Supporters of the recently ended bus Wi-Fi and hotspot financing argue that this investment was an essential tool for narrowing the “homework gap”—the well-documented phenomenon in which students without reliable home internet struggle to complete assignments. Recent analysis shows that nearly 1 in 3 Black students lack high-speed home internet, making them significantly more vulnerable to this gap than their white peers. Critics of the FCC’s rollback warn that removing E-Rate support will force districts to absorb new costs, reduce access to mobile connectivity solutions, and ultimately widen existing racial and socioeconomic inequities in students’ abilities to learn outside the classroom.

The cancellation of the Digital Equity Act programs has outsized consequences for Black communities because these grants were specifically designed to close the digital skills and adoption gaps that disproportionately affect Black households. Black Americans are less likely to have home broadband, digital literacy training, or access to devices—barriers that limit educational attainment, job opportunities, access to telehealth, and civic participation.

Many of the now-canceled programs targeted exactly these gaps through community-based training, affordable device programs, and outreach led by trusted local institutions. Without this infrastructure of support, Black residents in both urban and rural areas lose critical pathways to meaningful online participation, deepening long-standing inequities in employment, health, financial security, and democratic engagement.

Weakening broadband label requirements risks reducing price clarity for consumers who already face steep affordability barriers. Because Black households disproportionately report cost as the primary reason for not having home broadband, specifically in the Black Rural South, scaling back these transparency tools could make it harder for families to compare plans, detect hidden fees, and make informed choices—ultimately widening existing racial gaps in broadband adoption.

The State of AI Policy

Despite the rapid growth of artificial intelligence, the United States does not yet have a federal regulatory framework to govern its development or use. In this vacuum, the Trump Administration has advanced a series of actions that clarify its stance and signal an approach to AI governance centered primarily on accelerating innovation and reducing regulatory constraints, often without addressing how AI systems may reinforce or amplify existing inequities.

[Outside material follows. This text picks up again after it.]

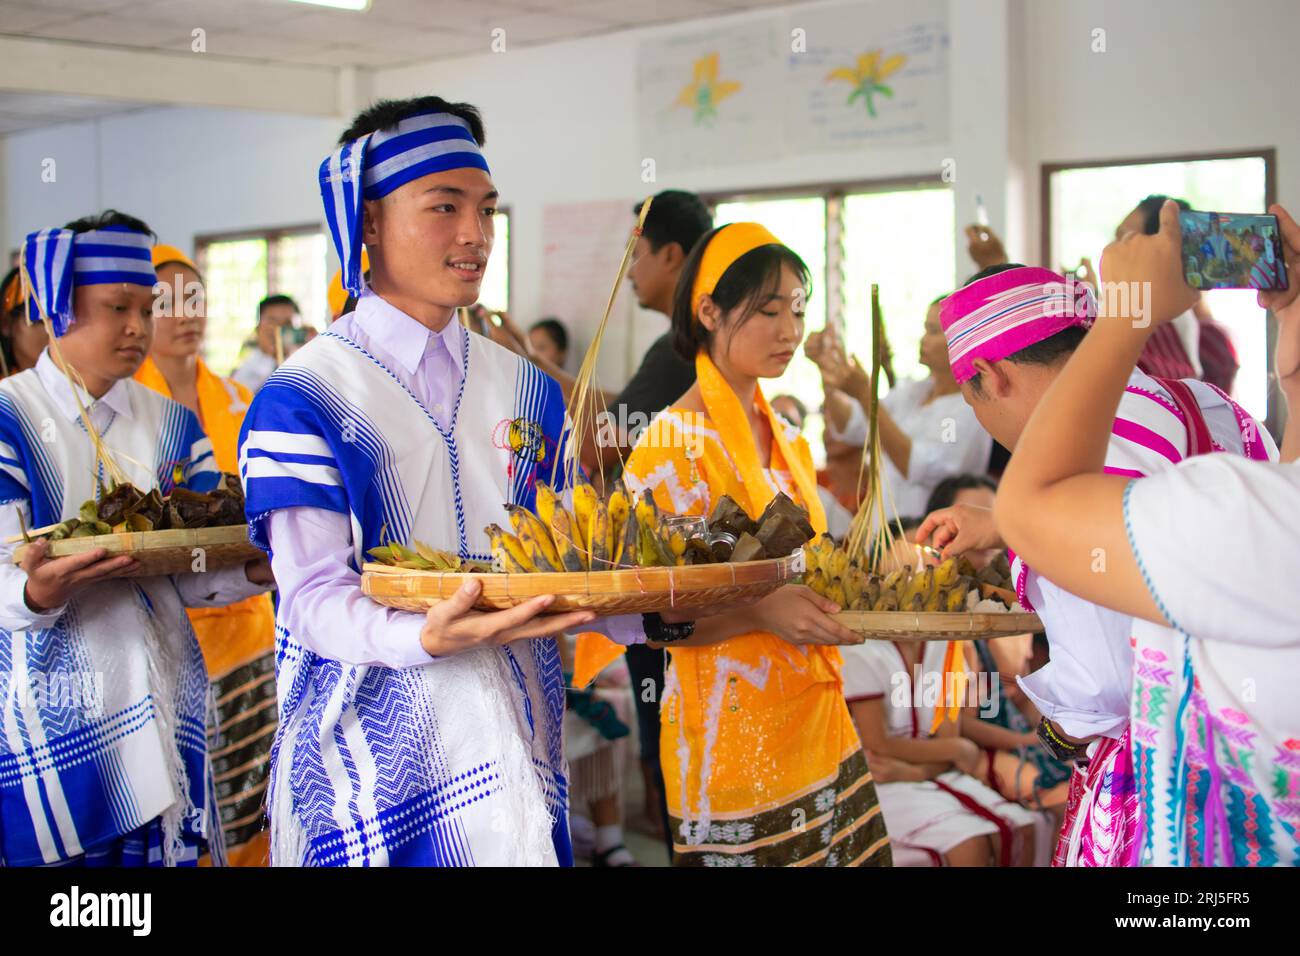 Karen Traditional wrist tying ceremony : Karen people cerebrate traditional wrist tying ceremony as their culture event. Stock Photo

The Trump administration’s 2025 AI policy shifts have already produced indirect impacts on African American communities by weakening the enforcement-and-monitoring infrastructure that previously constrained discriminatory outcomes. Prior to rescission, federal agencies, including the U.S. Department of Housing and Urban Development, the U.S. Department of Justice, and the U.S. Department of Labor, were actively monitoring for algorithmic bias.

These governance changes are particularly consequential given the expanding use of AI-driven tools in domains that disproportionately affect Black communities, including hiring, policing, and healthcare. Without clear federal standards for bias testing, transparency, or accountability—and with reduced space for state-level action—the likelihood increases that discriminatory impacts may go undetected or unaddressed as AI adoption accelerates. In this context, these 2025 policy shifts do not merely reflect achange in regulatory philosophy; they alter the conditions under which inequities can be identified, measured, and remedied.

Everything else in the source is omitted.